Representatives Earle, Glazier, Harrison, Parmon (Primary Sponsors);  Alexander, Brown, Cunningham, Hall, Insko, Lucas, Luebke, Wainwright, and Weiss.

Referred to:

Judiciary II.

March 15, 2007


AN ACT to ensure district attorneys receive all necessary information from law enforcement agencies as recommended by the House interim study committee on capital punishment.

The General Assembly of North Carolina enacts:

SECTION 1.  G.S. 15A-903 reads as rewritten:

" 15A-903.  Disclosure of evidence by the State - Information subject to disclosure.

(a)       Upon motion of the defendant, the court must order the State to:

(1)       Make available to the defendant the complete files of all law enforcement and prosecutorial agencies involved in the investigation of the crimes committed or the prosecution of the defendant. The term "file" includes the defendant's statements, the codefendants' statements, witness statements, investigating officers' notes, results of tests and examinations, or any other matter or evidence obtained during the investigation of the offenses alleged to have been committed by the defendant. Oral statements shall be in written or recorded form. The defendant shall have the right to inspect and copy or photograph any materials contained therein and, under appropriate safeguards, to inspect, examine, and test any physical evidence or sample contained therein.

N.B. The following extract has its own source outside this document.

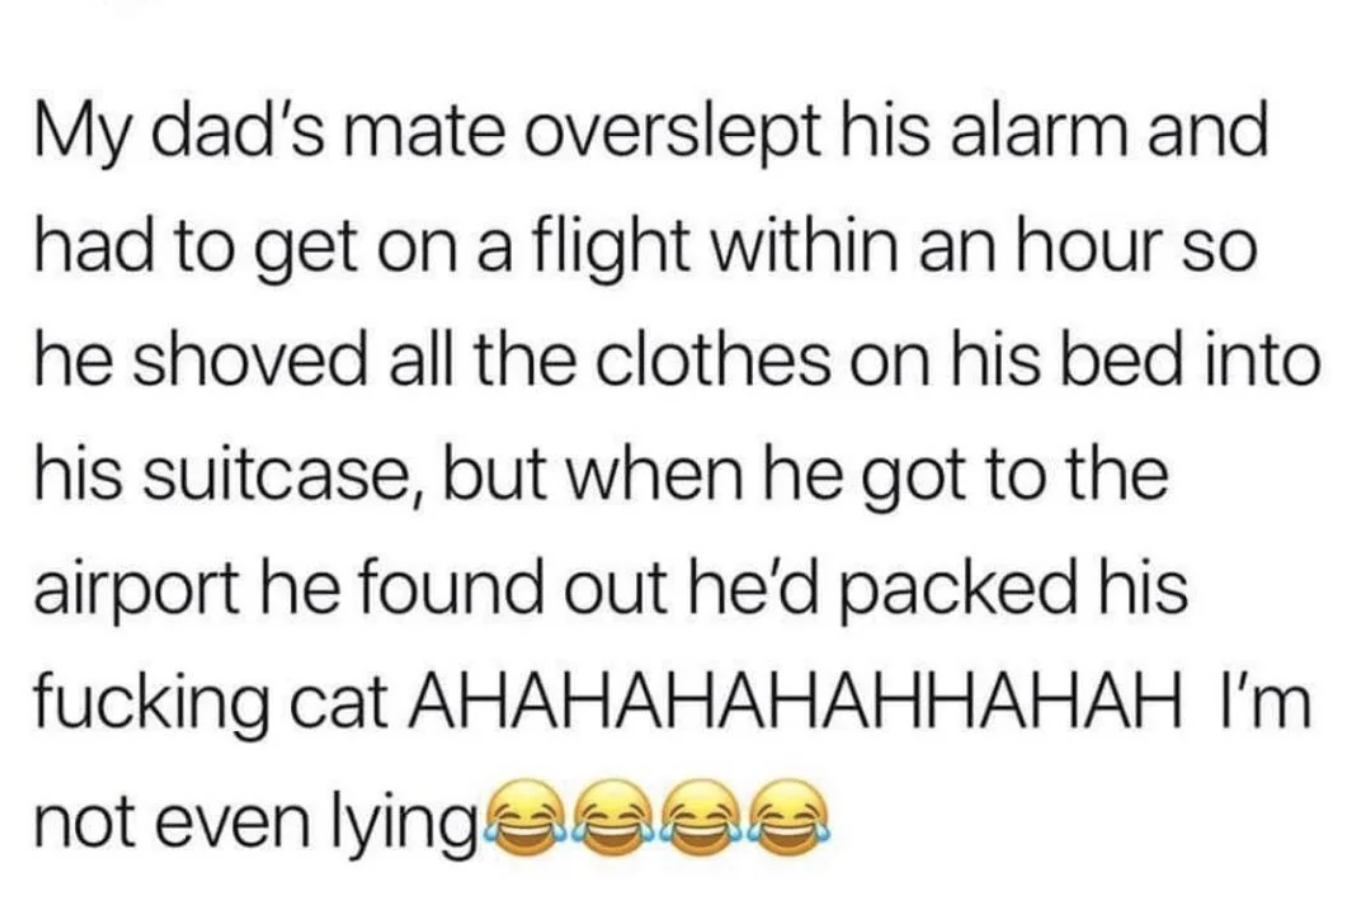 Their dad&#x27;s friend overslept for a flight, so he shoved all the clothes on his bed into his suitcase, but when he got to the airport, he found out he&#x27;d packed his cat — &quot;I&#x27;m not even lying&quot;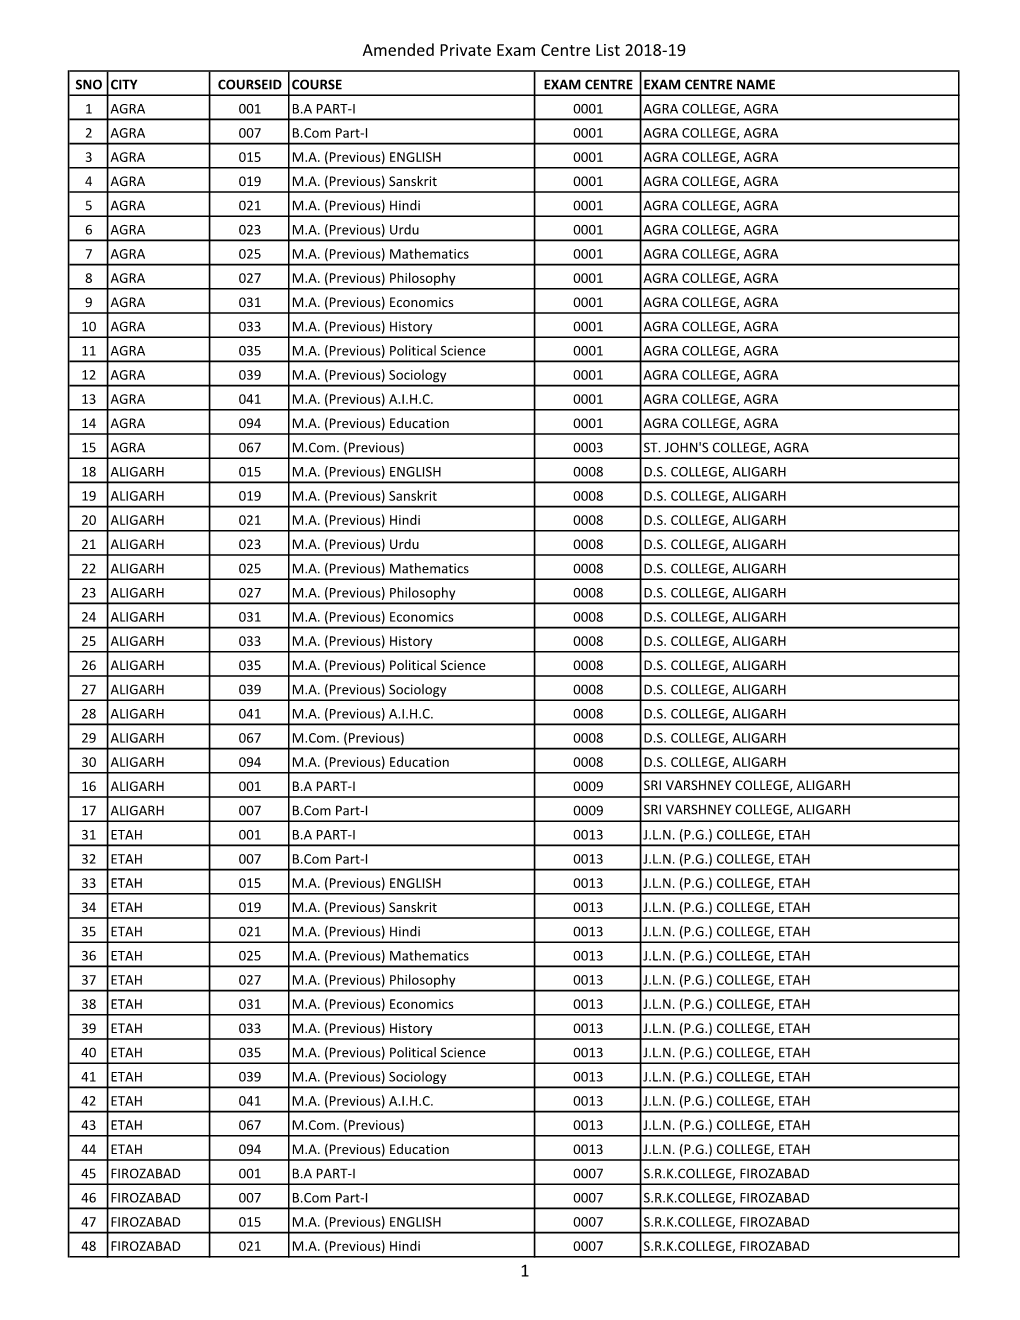 Amended Private Exam Centre List 2018-19 1

(2)       Give notice to the defendant of any expert witnesses that the State reasonably expects to call as a witness at trial. Each such witness shall prepare, and the State shall furnish to the defendant, a report of the results of any examinations or tests conducted by the expert. The State shall also furnish to the defendant the expert's curriculum vitae, the expert's opinion, and the underlying basis for that opinion. The State shall give the notice and furnish the materials required by this subsection within a reasonable time prior to trial, as specified by the court.

(3)       Give the defendant, at the beginning of jury selection, a written list of the names of all other witnesses whom the State reasonably expects to call during the trial. Names of witnesses shall not be subject to disclosure if the State certifies in writing and under seal to the court that to do so may subject the witnesses or others to physical or substantial economic harm or coercion, or that there is other particularized, compelling need not to disclose. If there are witnesses that the State did not reasonably expect to call at the time of the provision of the witness list, and as a result are not listed, the court upon a good faith showing shall allow the witnesses to be called. Additionally, in the interest of justice, the court may in its discretion permit any undisclosed witness to testify.

(b)       If the State voluntarily provides disclosure under G.S. 15A-902(a), the disclosure shall be to the same extent as required by subsection (a) of this section.

(c)       A law enforcement agency shall make available to the State the complete files related to the investigation of the crimes committed or the prosecution of the defendant for compliance with this section and any disclosure under G.S. 15A-902(a)."

SECTION 2.  This act becomes effective December 1, 2007, and applies to cases where the trial date set pursuant to G.S. 7A-49.4 is on or after that date.